Cross Game 2-3 by Mitsuru Adachi

The first volume of Cross Game (well, the first collected volume from VIZ, which includes the first three volumes of the Japanese version) introduced the characters and established the motivation for average boy Ko Kitamura to devote himself to becoming a good enough pitcher to reach the Koshien tournament. It’s very good, but there’s little actual baseball. Volumes two and three (four through seven in Japanese) make up for that in a big way.

Ko has now entered high school, but the publicity-hungry interim principal has hired Coach Daimon, who is known for getting teams to Koshien, and has built a dorm to house the students who’ve been especially recruited for the team.
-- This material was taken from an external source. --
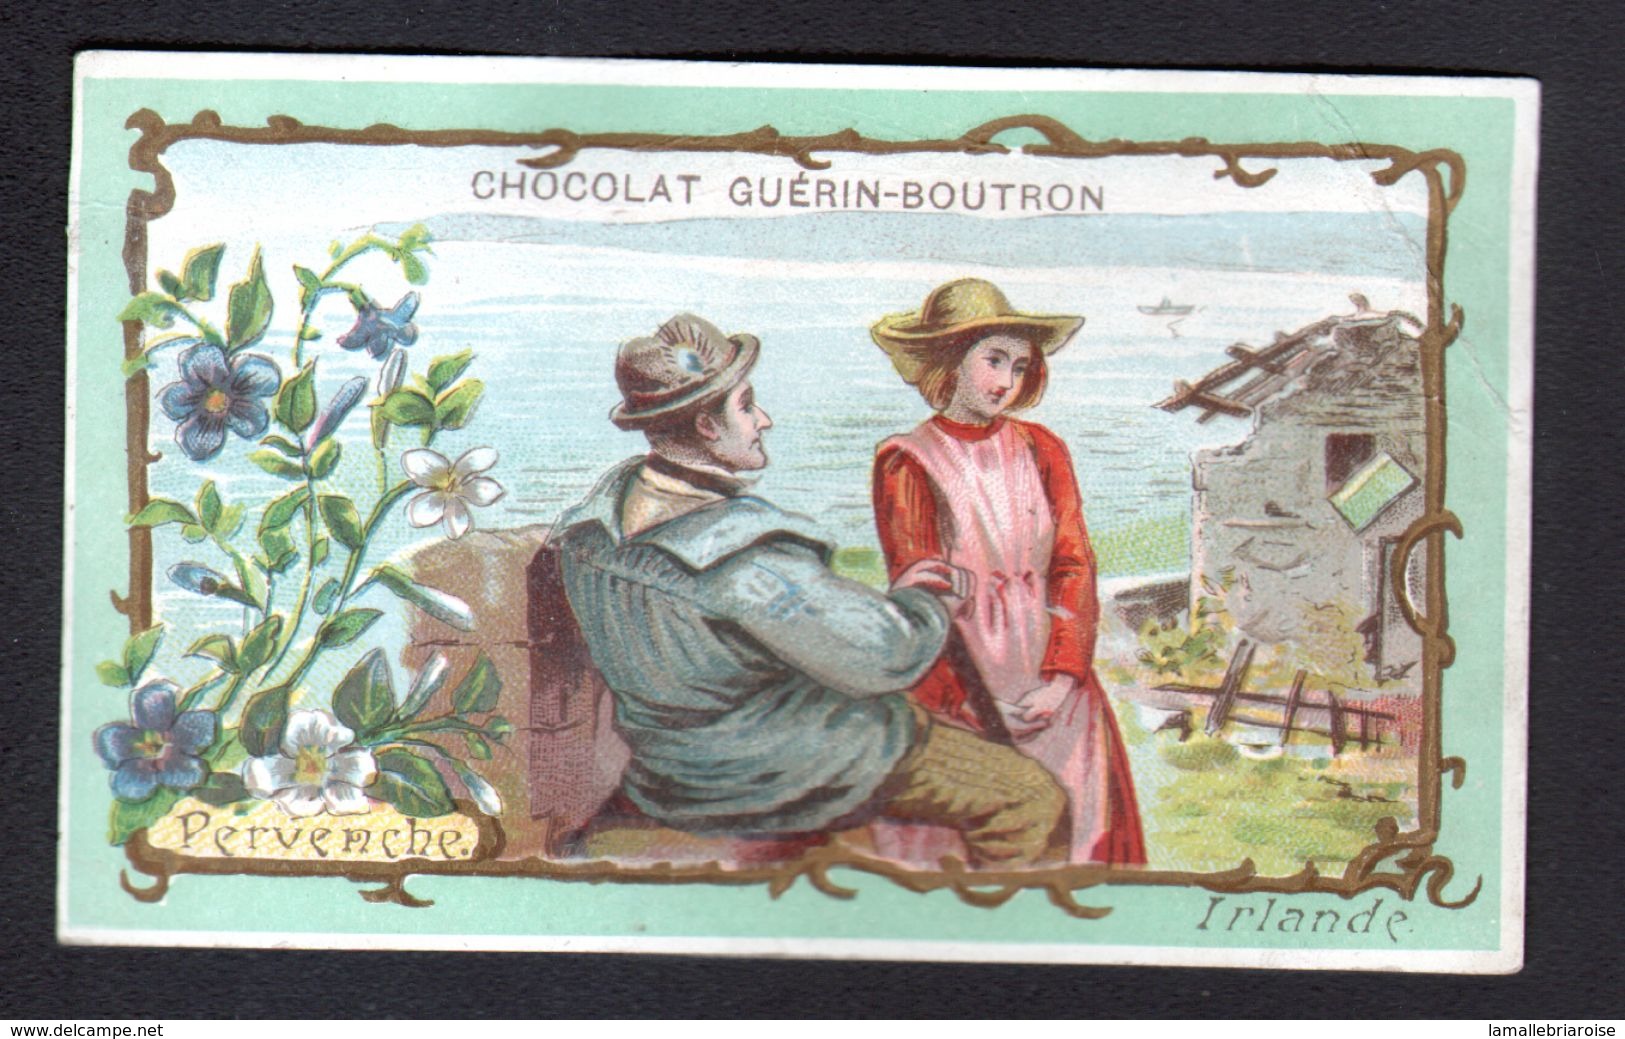 Chocolat Guerin Boutron, ..., IRLANDE, PERVENCHE - Guerin Boutron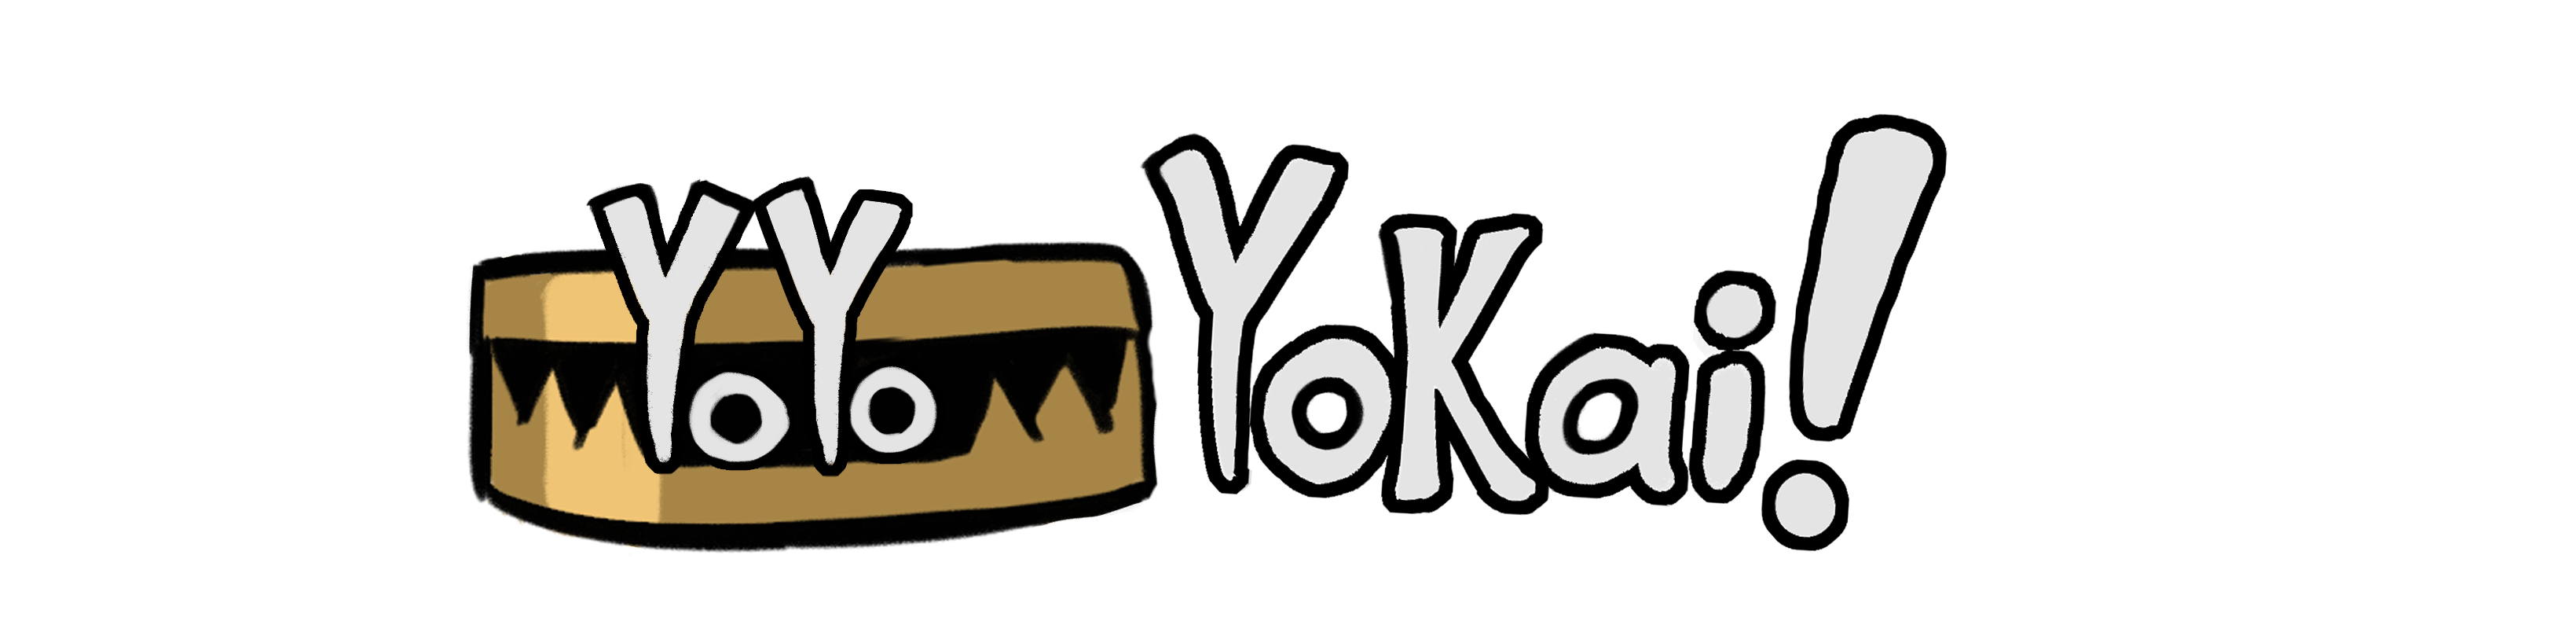 YoYoYokai

Neither seems to care about the boys or their enjoyment of the game—the interim principal is merely out for acclaim, and the Coach doesn’t put forth any effort to instill a team mentality in his players, seemingly content with a top sixteen placement because it’s good enough for him to keep his cushy job.

Anyway, Ko and his two close friends, Akaishi and Nakanishi, have refused to even try out for the varsity team and spend their time amongst “the portables,” which is the nickname for the leftover players who must practice under inferior conditions and with a coach who’s considered past his prime. Twice over the course of these volumes the portables challenge the varsity players, and both times the game is riveting in a way I have never experienced before with baseball.
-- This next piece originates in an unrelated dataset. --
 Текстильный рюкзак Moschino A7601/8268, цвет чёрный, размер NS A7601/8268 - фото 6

Adachi’s great at pacing and setting the scene, and the flow of each game is easy to follow. The first match-up results in a close game, with the portables ultimately losing. A special training regimen ensues, and Ko works on building up his stamina and his arsenal of pitches. When the teams have their rematch, he’s a changed pitcher, and better than anyone the varsity team faced during their progress through the spring tournament. It’s true that we don’t get into Ko’s head much during all of this intense effort on his part, but I take this to mean that he’s got a singular focus—there’s no need to constantly reiterate that he’s attempting to fulfill the dream his childhood friend, Wakaba Tsukishima, had before her accidental death.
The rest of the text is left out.